* [REQUIREMENT] The lines to be extracted begin at the line containing "10 Updos for" and end at the last line of the data below; copy them exactly and leave out the pictures.

Segment Start: INPUT FOR THIS TASK

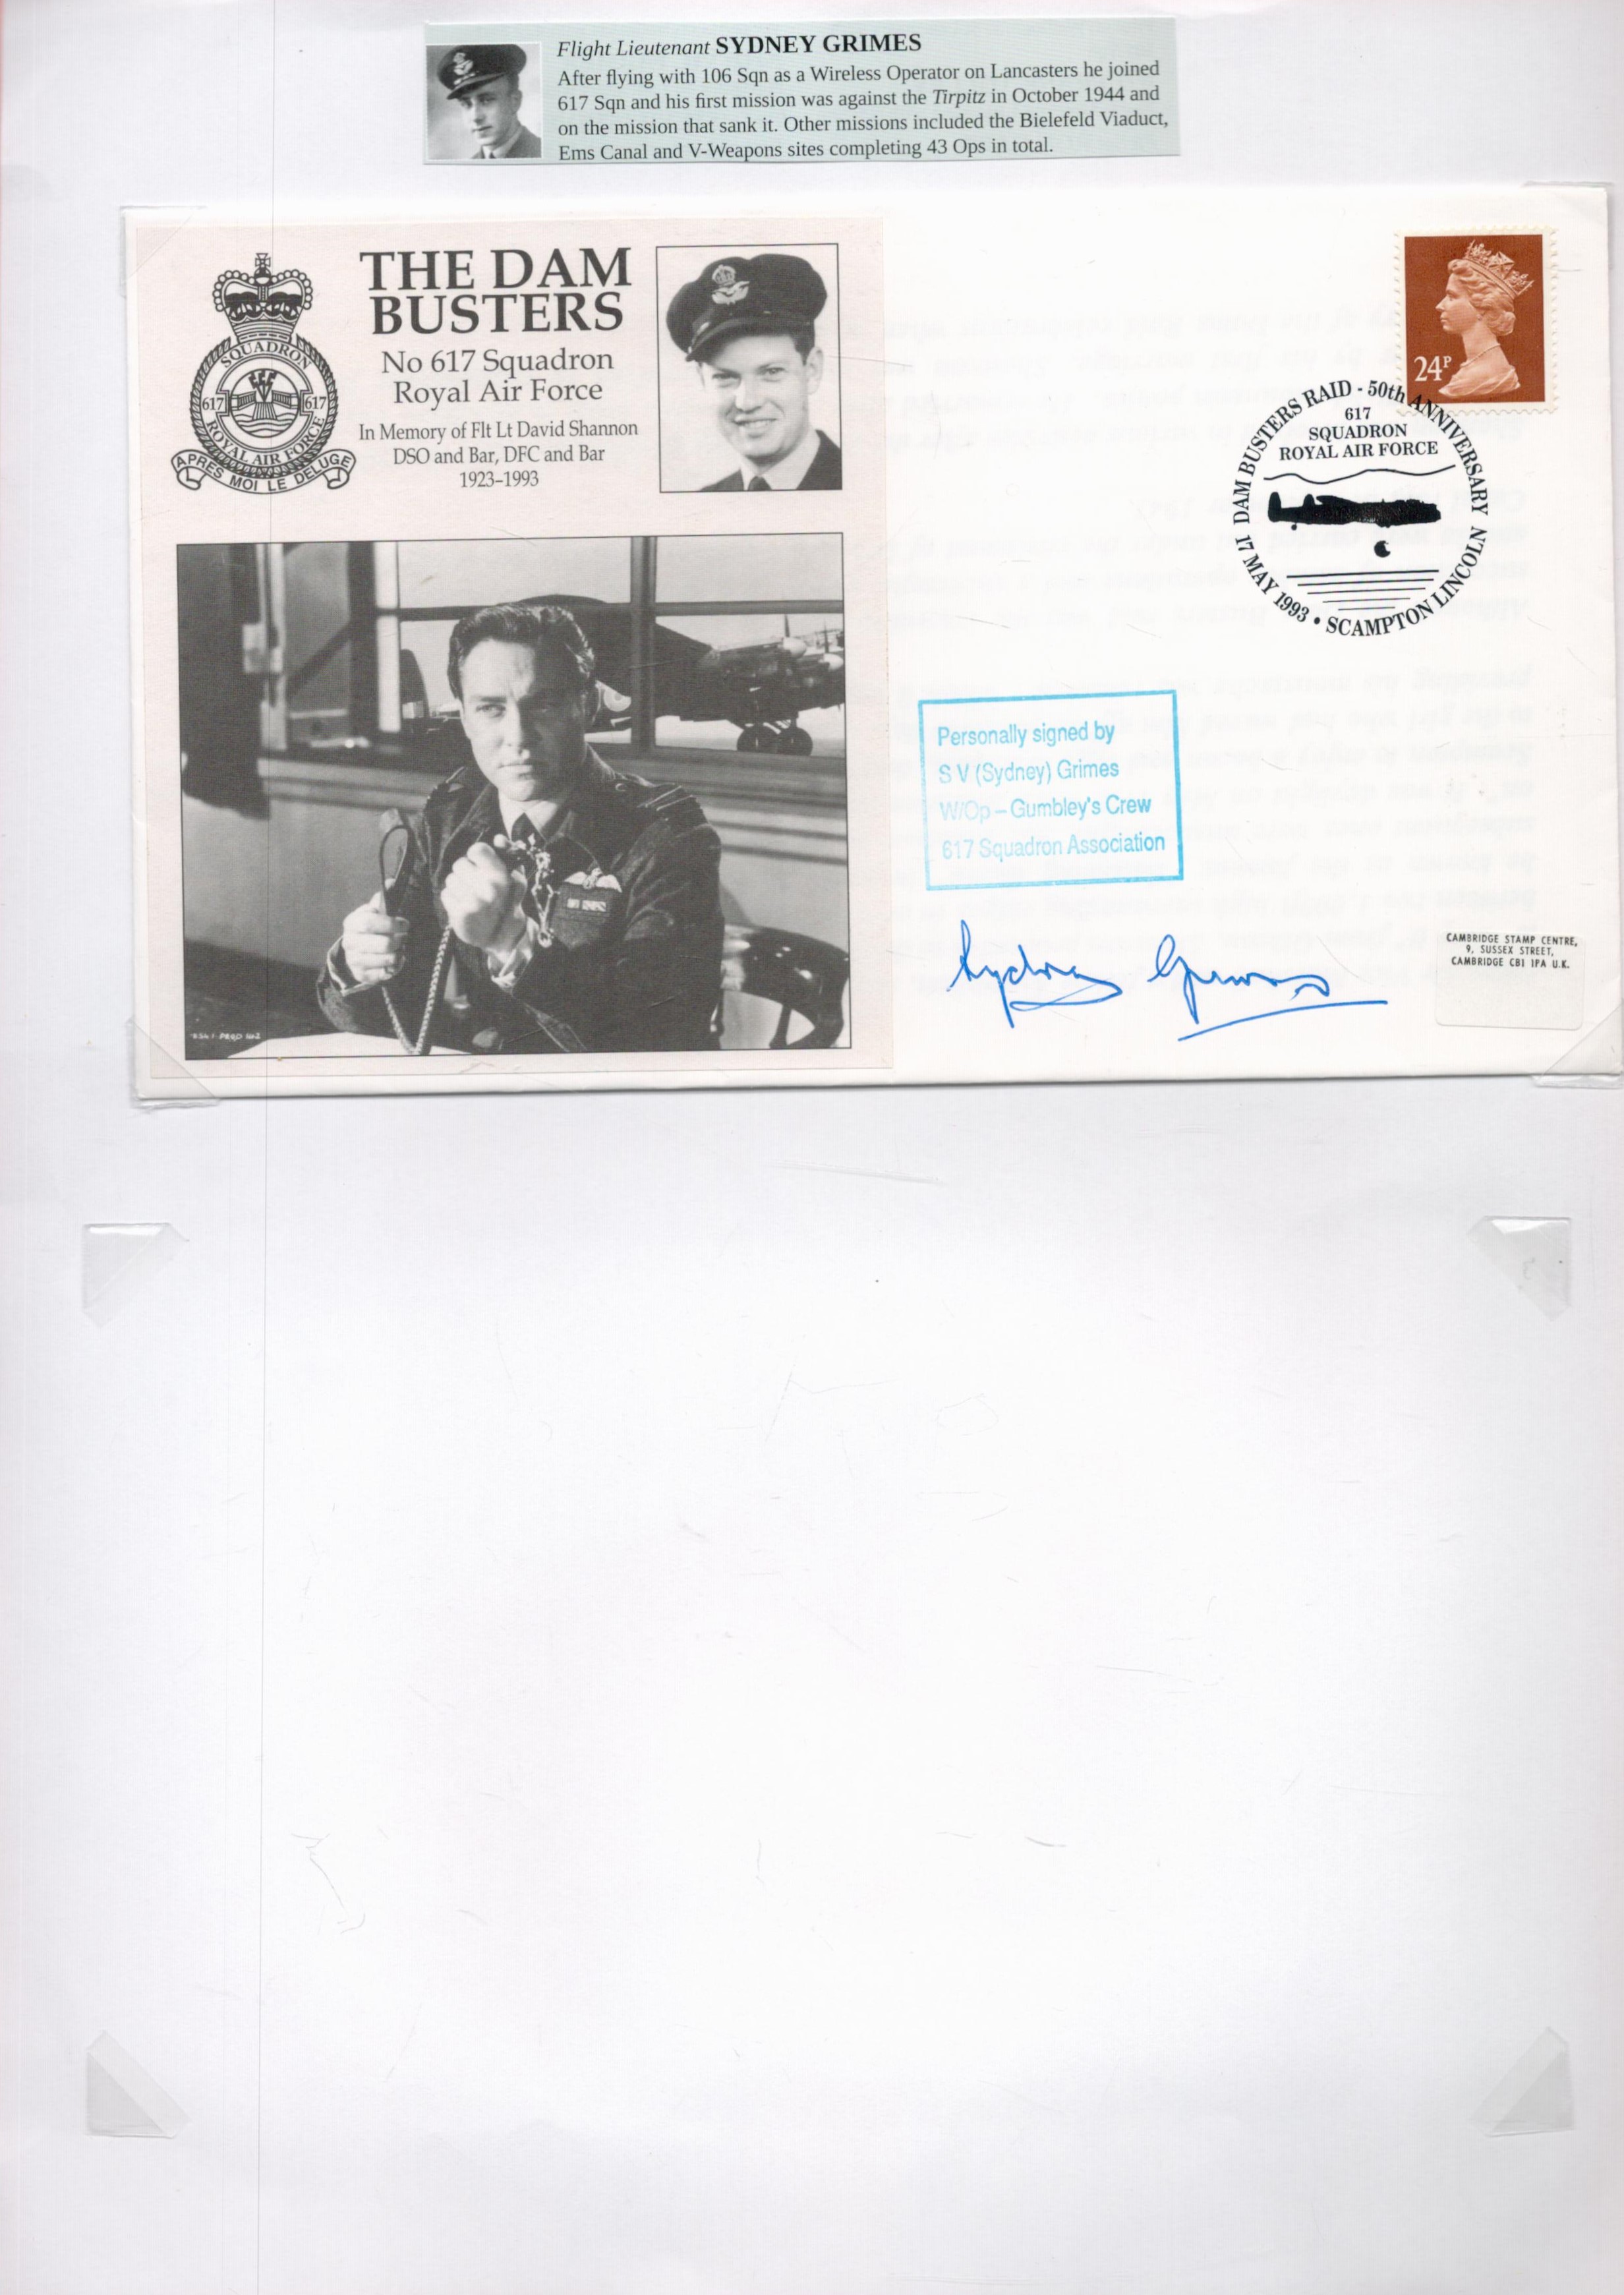 Flt Lt Sydney Grimes (617 Squadron) Signed The Dam Busters FDC. British Stamp and postmark. Grimes
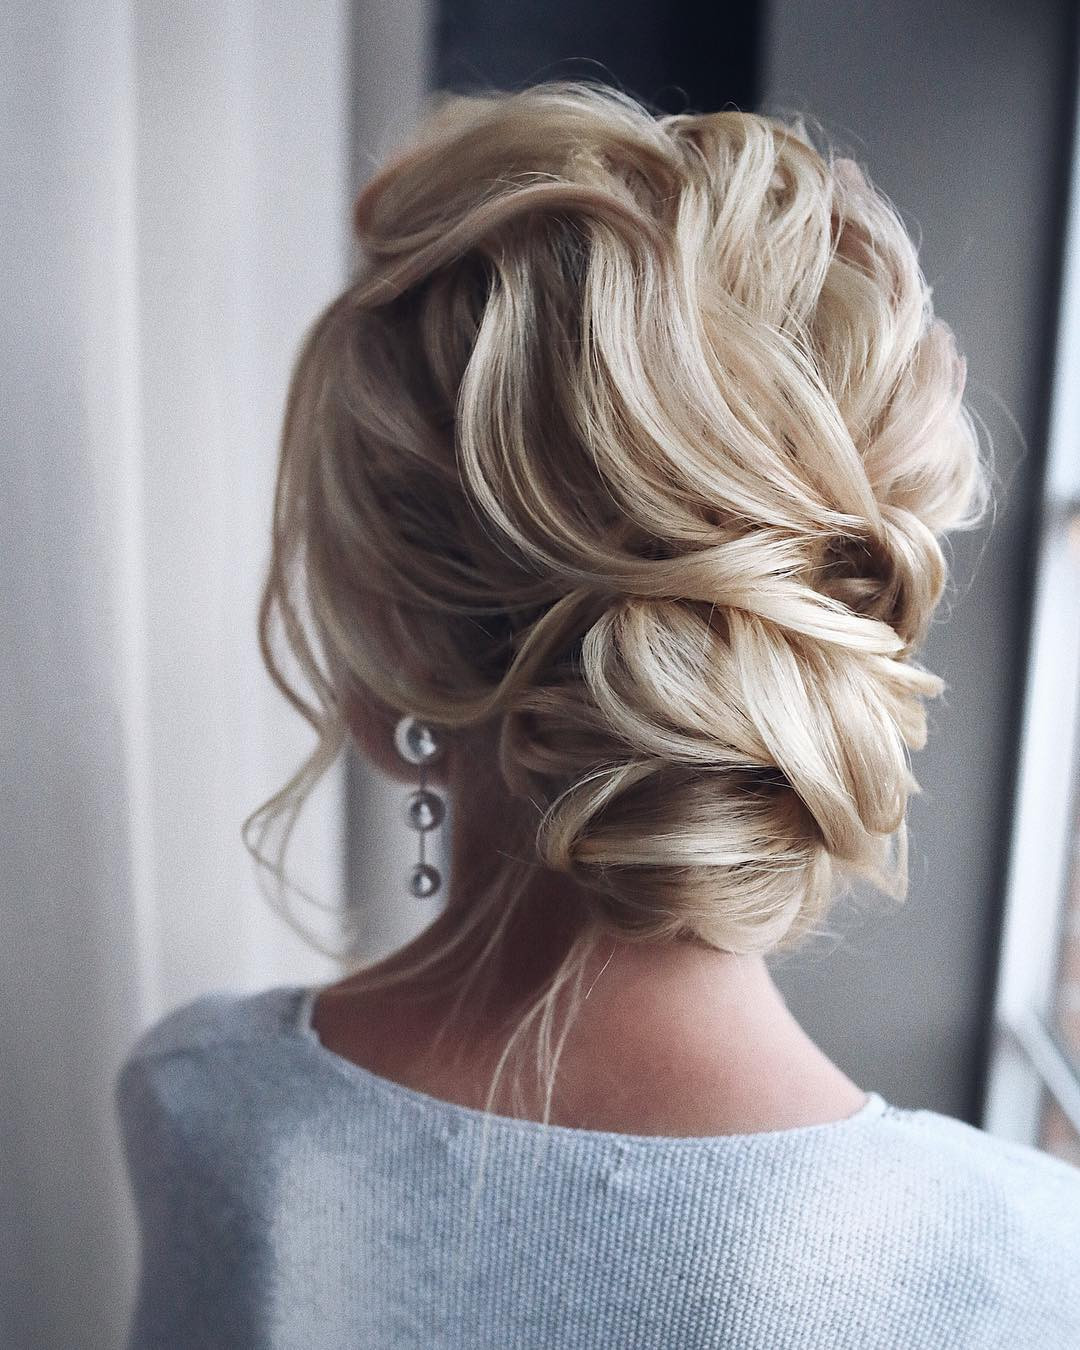 Meduim Prom Hairstyles
 10 Updos for Medium Length Hair Prom & Home ing
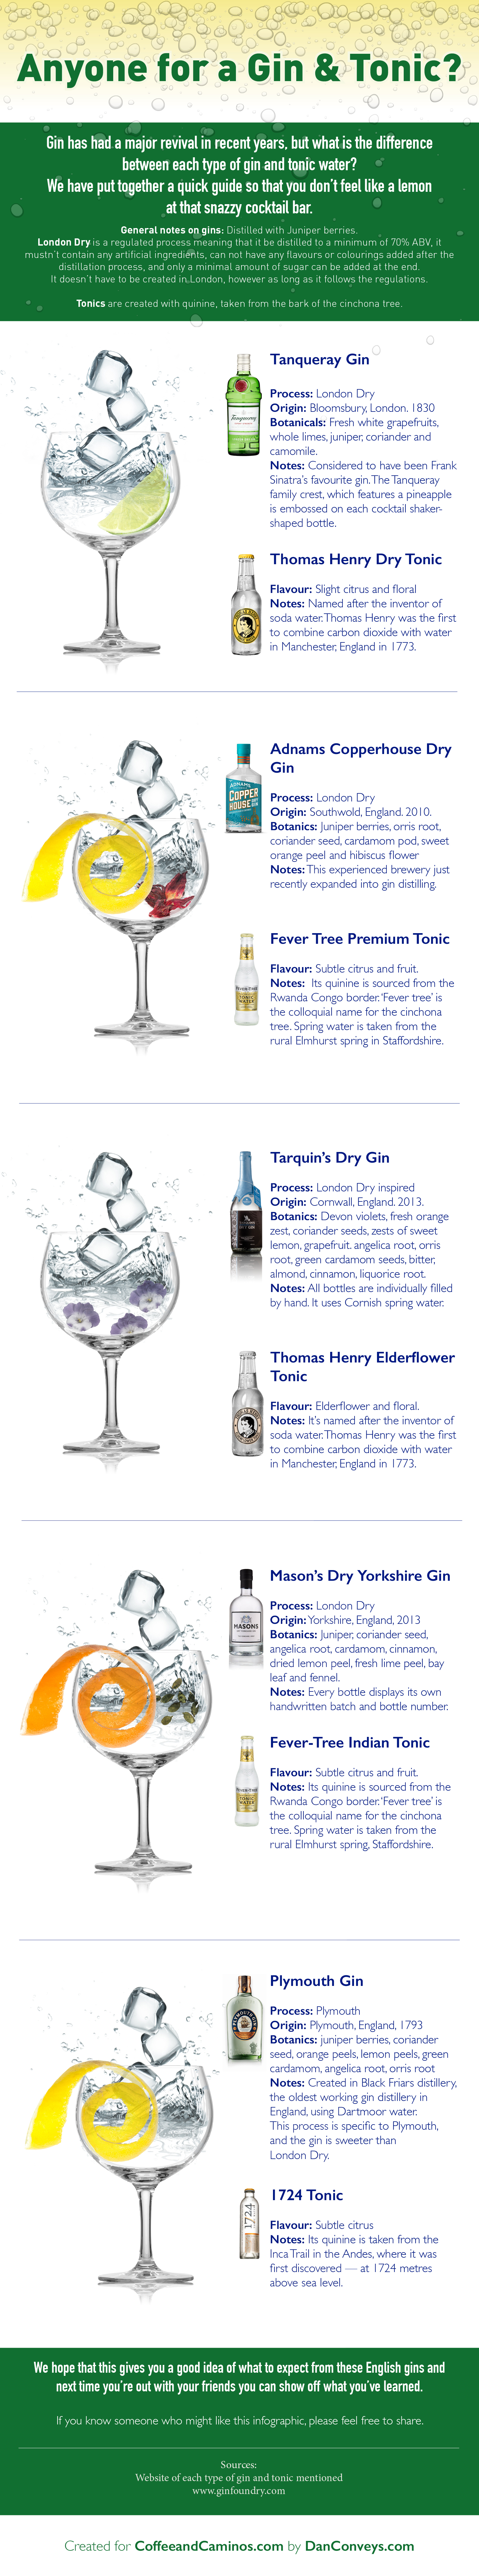 English gins, about tonics, gin and tonic combinations, best gin and tonics, about gins, gin process, London Dry gins
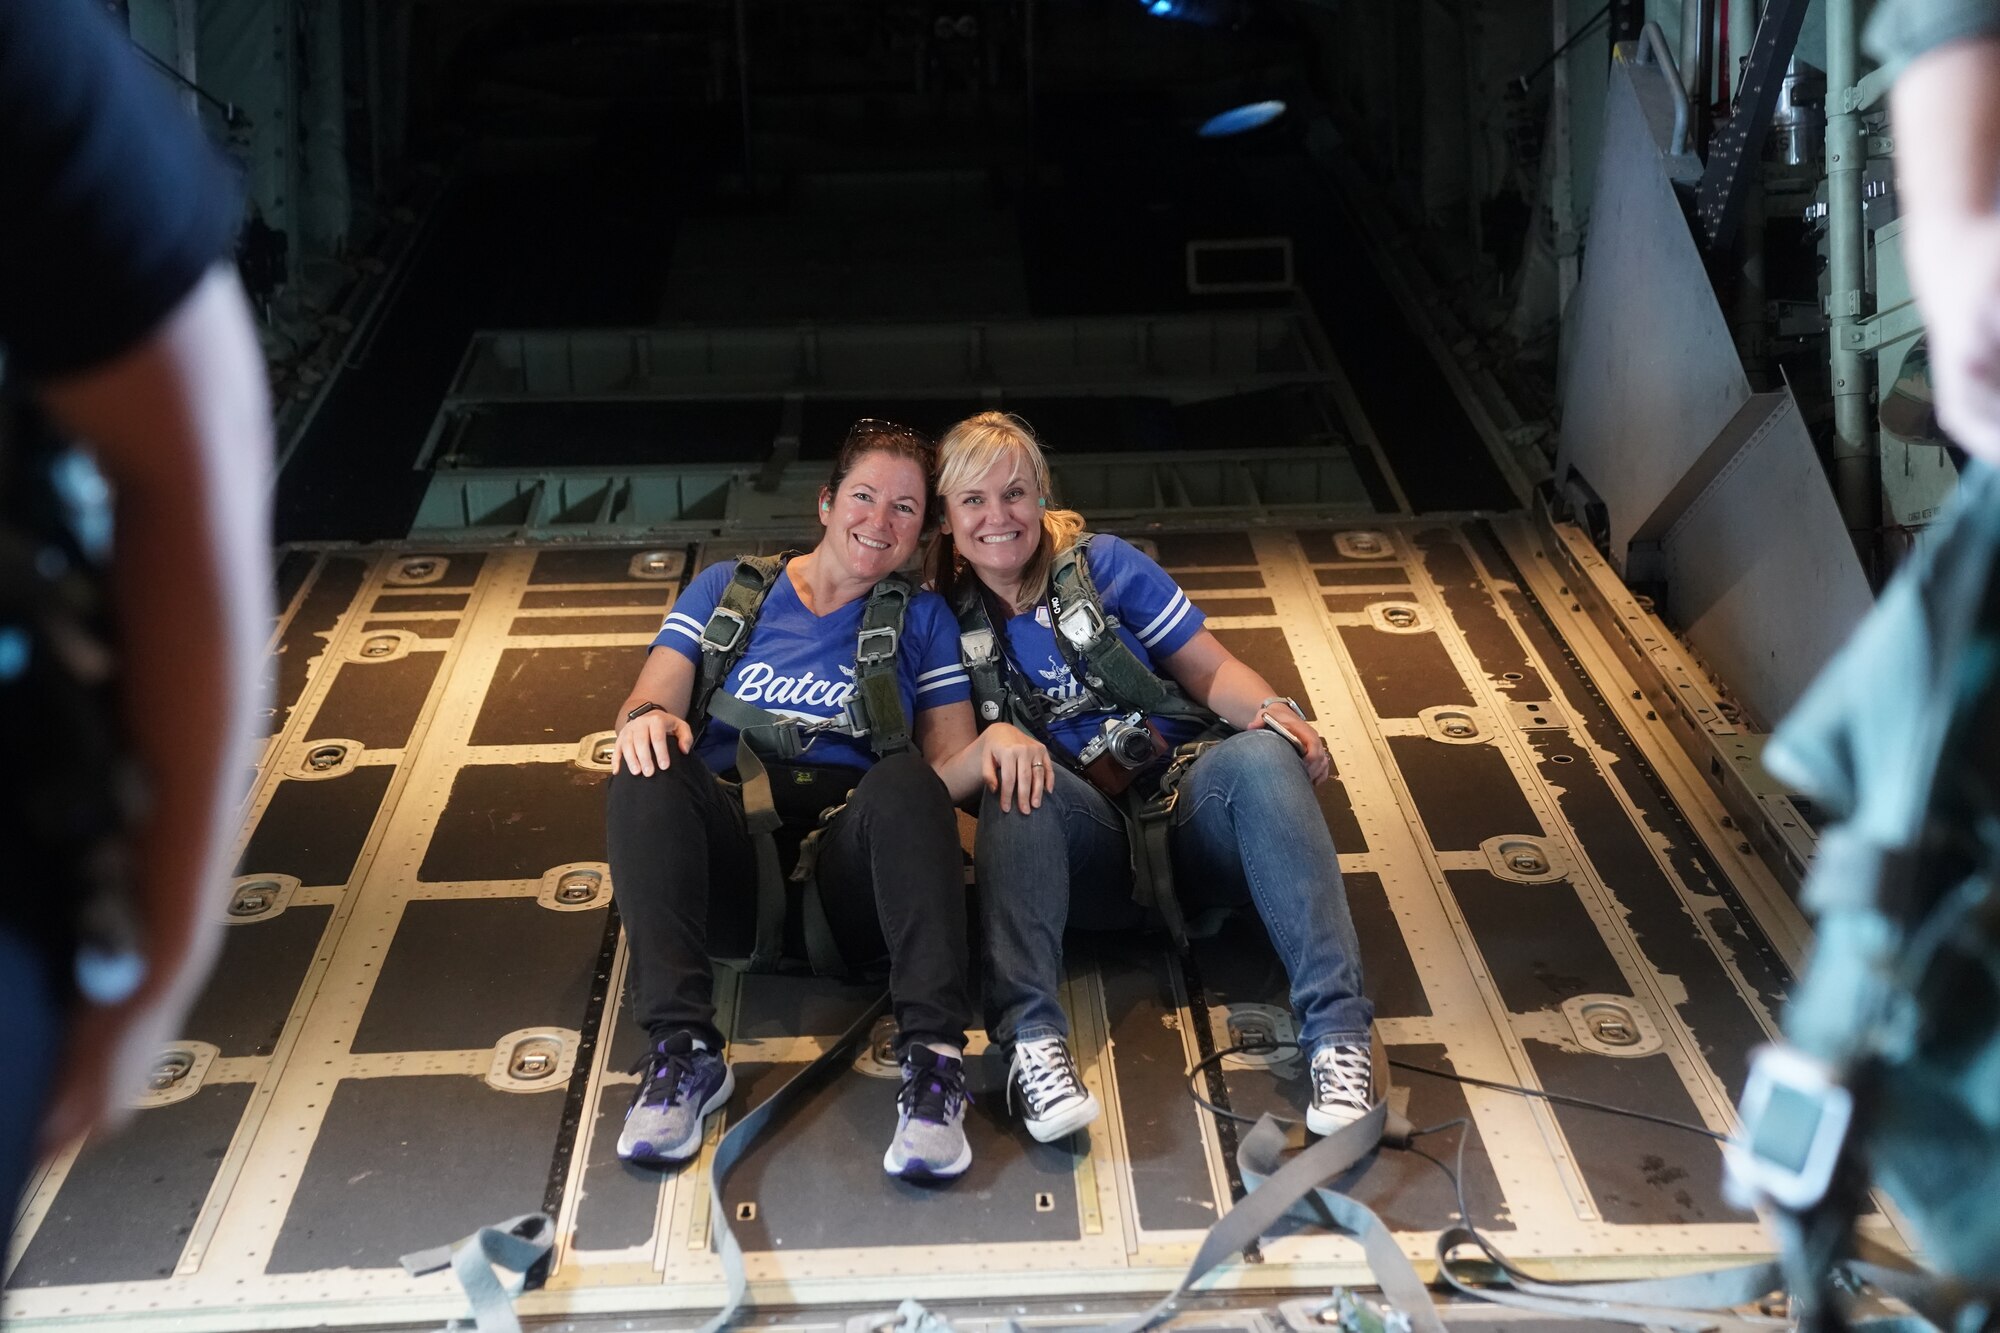 The 353rd Special Operations Group spouses and families were invited to spend the day at work with their Airmen on 27 September, 2019.

Segment End: INPUT FOR THIS TASK

* [TASK ANSWER]
 10 Updos for Medium Length Hair Prom & Home ing
 English gins, about tonics, gin and tonic combinations, best gin and tonics, about gins, gin process, London Dry gins
 The 353rd Special Operations Group spouses and families were invited to spend the day at work with their Airmen on 27 September, 2019.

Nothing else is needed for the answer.